[proofplan] We adapt the integrating-factor argument used for the homogeneous [Gronwall Inequality](/theorems/3377). Define $\mu(t) := \exp(-\int_0^t \beta\,d\mathcal{L}^1)$; since $\beta$ is integrable, $\mu$ is absolutely continuous, strictly positive, and satisfies $\mu' = -\beta\mu$ almost everywhere. Multiplying the differential inequality by $\mu$ converts the left-hand side into the [derivative](/page/Derivative) of the absolutely continuous product $\phi\mu$, with upper bound $\mu\eta$ rather than $0$. Applying the fundamental theorem of calculus for absolutely continuous functions and dividing by $\mu(t) > 0$ then produces the closed-form bound, with the inhomogeneity contributing the integral term $\int_0^t \eta(s)\,\mu(s)/\mu(t)\,d\mathcal{L}^1(s)$ that distinguishes this result from the homogeneous case. [/proofplan]

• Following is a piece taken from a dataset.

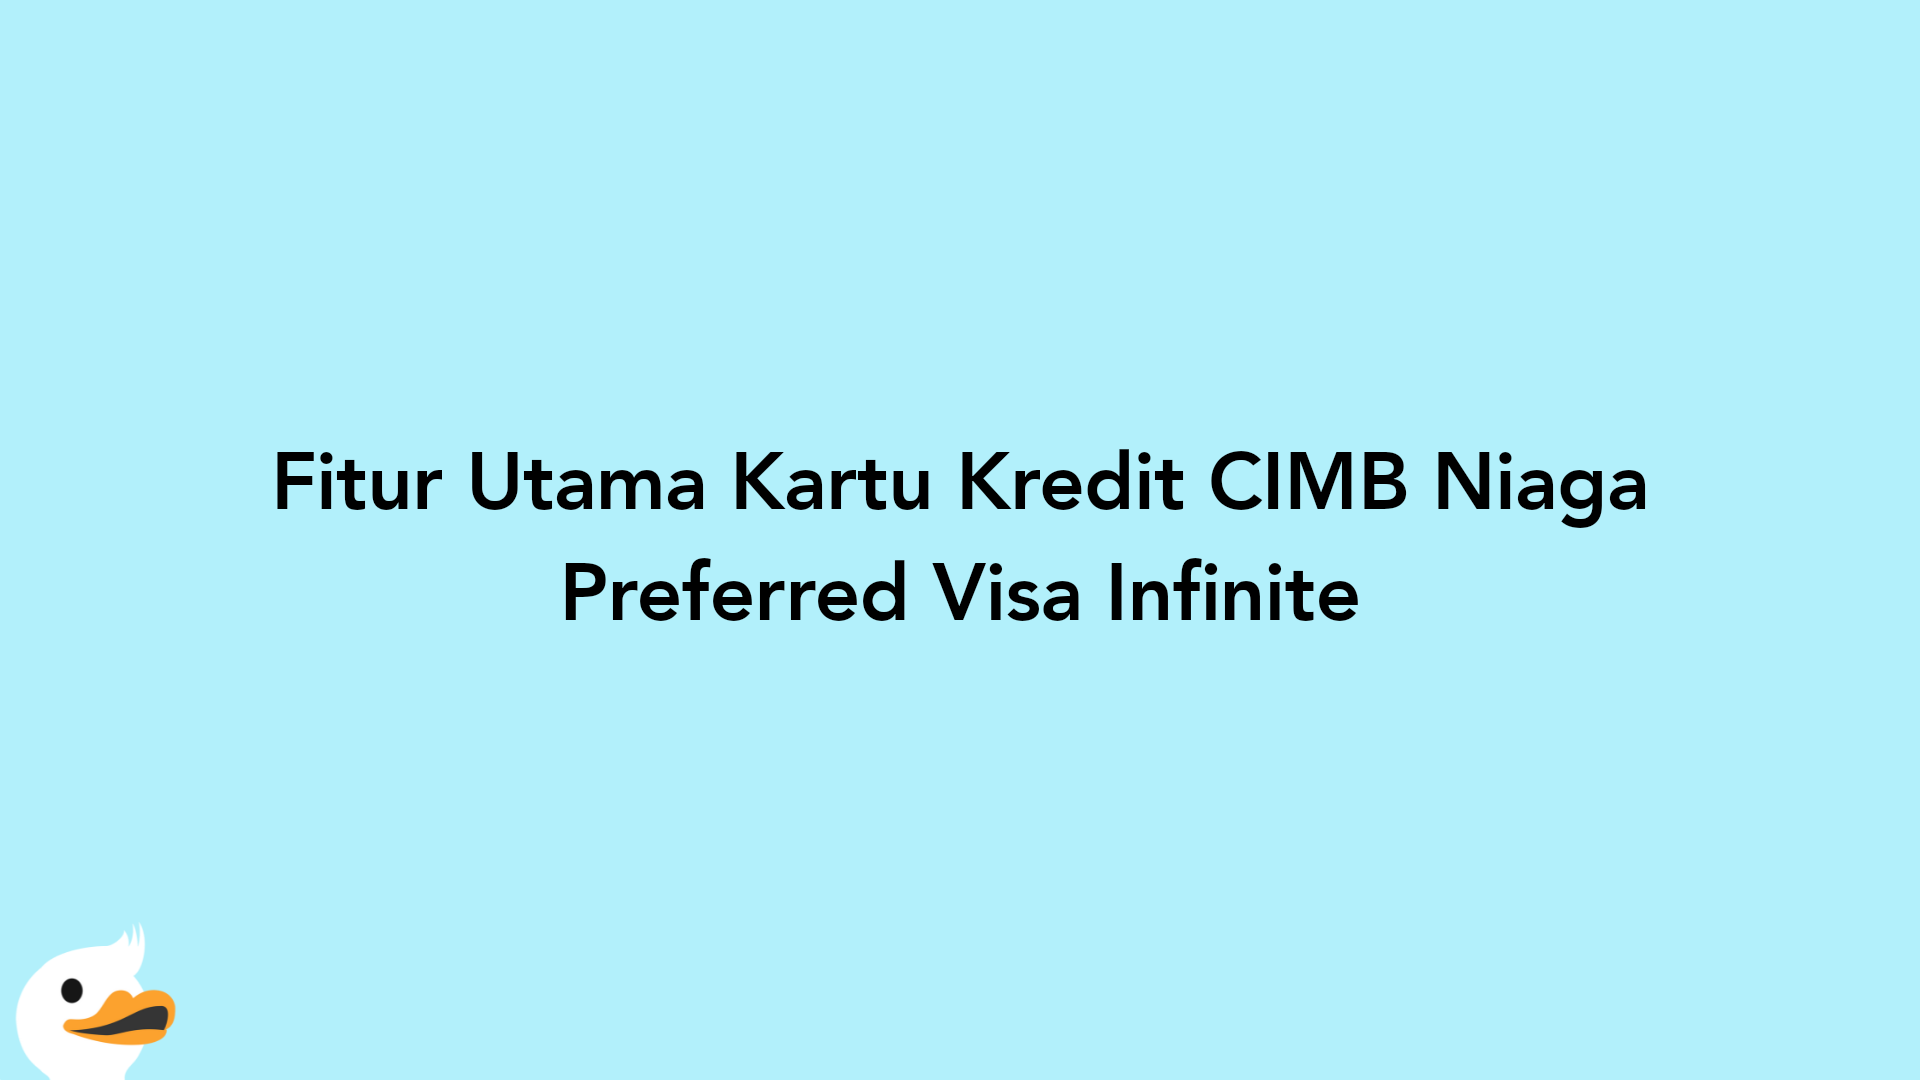 Fitur Utama Kartu Kredit CIMB Niaga Preferred Visa Infinite

[step:Build the integrating factor $\mu(t) = \exp(-\int_0^t \beta\,d\mathcal{L}^1)$ as an absolutely continuous, strictly positive [function](/page/Function)] Define \begin{align*} B: [0,T] &\to \mathbb{R} \\ t &\mapsto \int_0^t \beta(s)\,d\mathcal{L}^1(s), \end{align*} and \begin{align*} \mu: [0,T] &\to (0,\infty) \\ t &\mapsto \exp(-B(t)). \end{align*} Since $\beta: [0,T] \to \mathbb{R}$ is [integrable](/page/Integral), the [Fundamental Theorem of Calculus for Lebesgue Integrals](/theorems/???) applies to $B$, so $B$ is absolutely [continuous](/page/Continuity) on $[0,T]$ with $B'(t) = \beta(t)$ for $\mathcal{L}^1$-a.e.\ $t \in [0,T]$ and $B(0) = 0$. The exponential map $\exp: \mathbb{R} \to (0,\infty)$ is $C^1$, hence locally Lipschitz, so by the [Chain Rule for Absolutely Continuous Functions](/theorems/???) the composition $\mu = \exp \circ (-B)$ is absolutely continuous on $[0,T]$ with \begin{align*} \mu'(t) &= -B'(t)\exp(-B(t)) = -\beta(t)\,\mu(t) \qquad \text{for $\mathcal{L}^1$-a.e.\ } t \in [0,T]. \end{align*} Finally $\mu(0) = \exp(0) = 1$ and $\mu(t) > 0$ for every $t \in [0,T]$.[/step]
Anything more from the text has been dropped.